Differential Diagnosis
The main lesion in the differential diagnosis of LIP is a low-grade, extra-nodal marginal zone B-cell (MALT) lymphoma (Table 2.3). MALT lymphomas contain predominantly monomorphous infiltrates of small lymphocytes that follow a lymphangitic distribution. Although plasma cells and histiocytes and even small granulomas or abortive germinal centers may also occur, they usually are focal findings. The small lymphocytes are predominantly B-cells and stain positively with CD20 in contrast to CD3-positive T lymphocytes that predominate in LIP, and B-cell gene rearrangements can usually be identified by polymerase chain reaction (PCR) techniques.

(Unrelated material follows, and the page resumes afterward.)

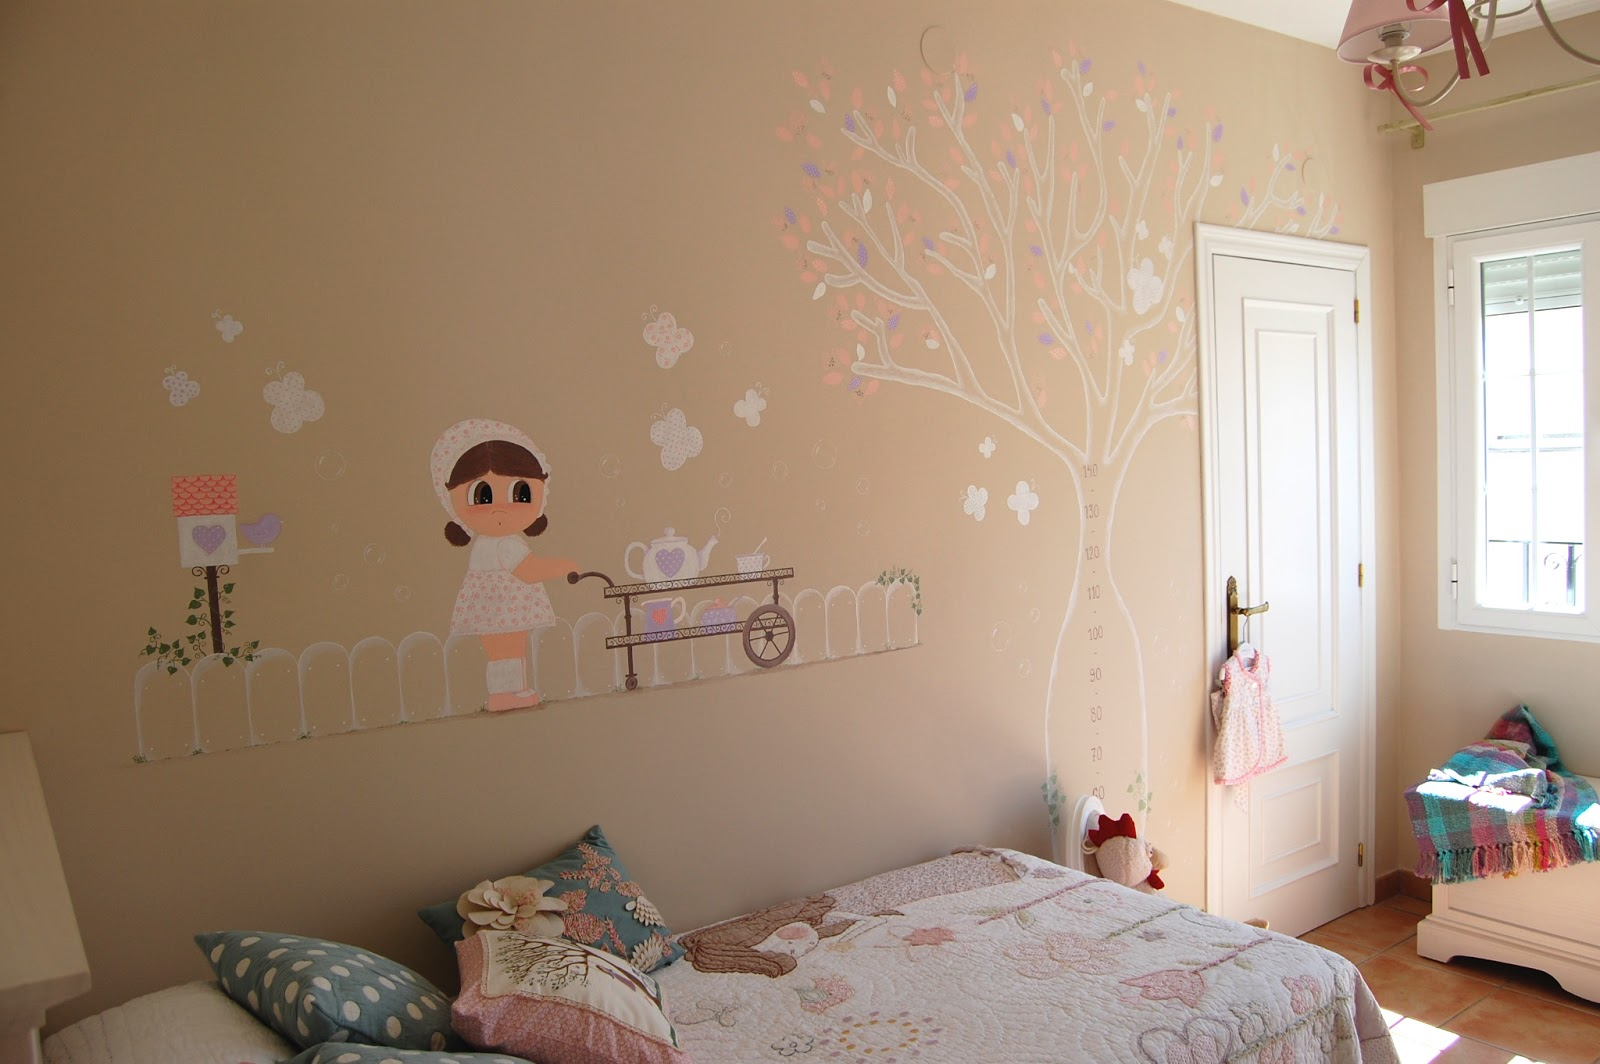 Coconic Decoraci N Infantil Personalizada Murales ~ Pintura Para Habitaciones Infantiles
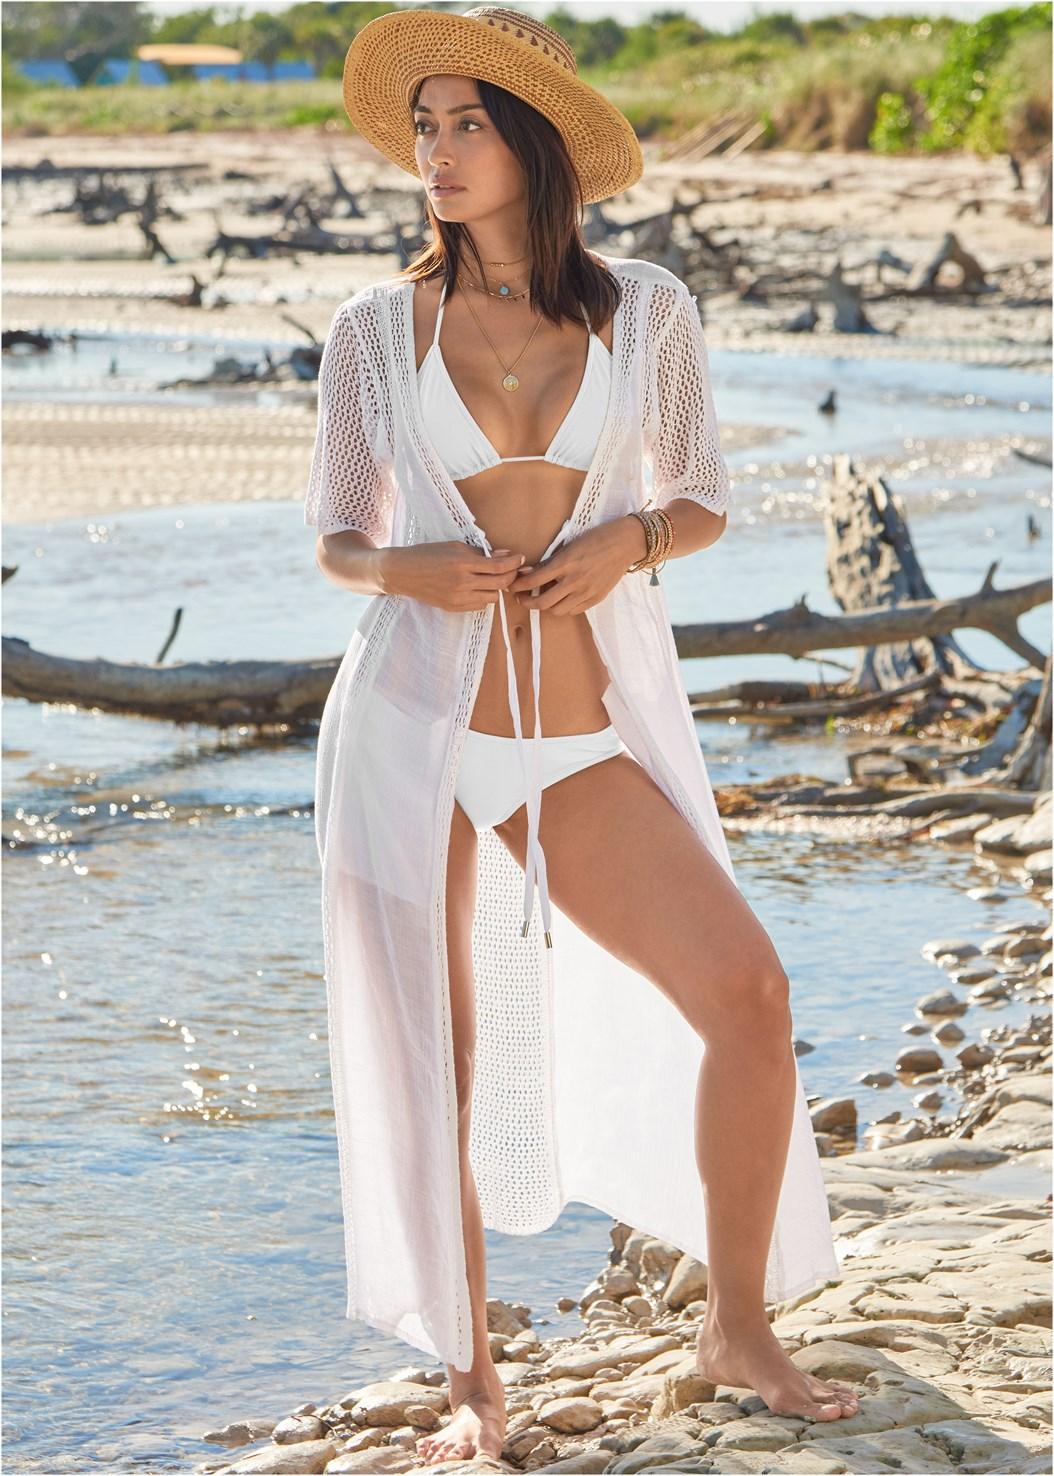 Crochet Duster,Triangle String Bikini Top,Scoop Front Classic Bikini Bottom ,Slimming Bandeau One-Piece,Shell Detail Sandals

When plasma cells are prominent, immunohistochemistry or in situ hybridization for kappa and lambda light chains can be used to assess clonality.
Both cellular NSIP and classic HP enter the differential diagnosis of LIP as well, and their contrasting features are summarized in Table 2.3. The most important features in the differential diagnosis include the greater density of the infiltrate in LIP and the resultant marked alveolar septal widening and distortion without fibrosis. Although loose granulomas may occur in LIP, they are randomly distributed rather than peribronchiolar as in HP. The intra-alveolar proteinaceous exudate is characteristic of LIP and not usually seen in the other entities.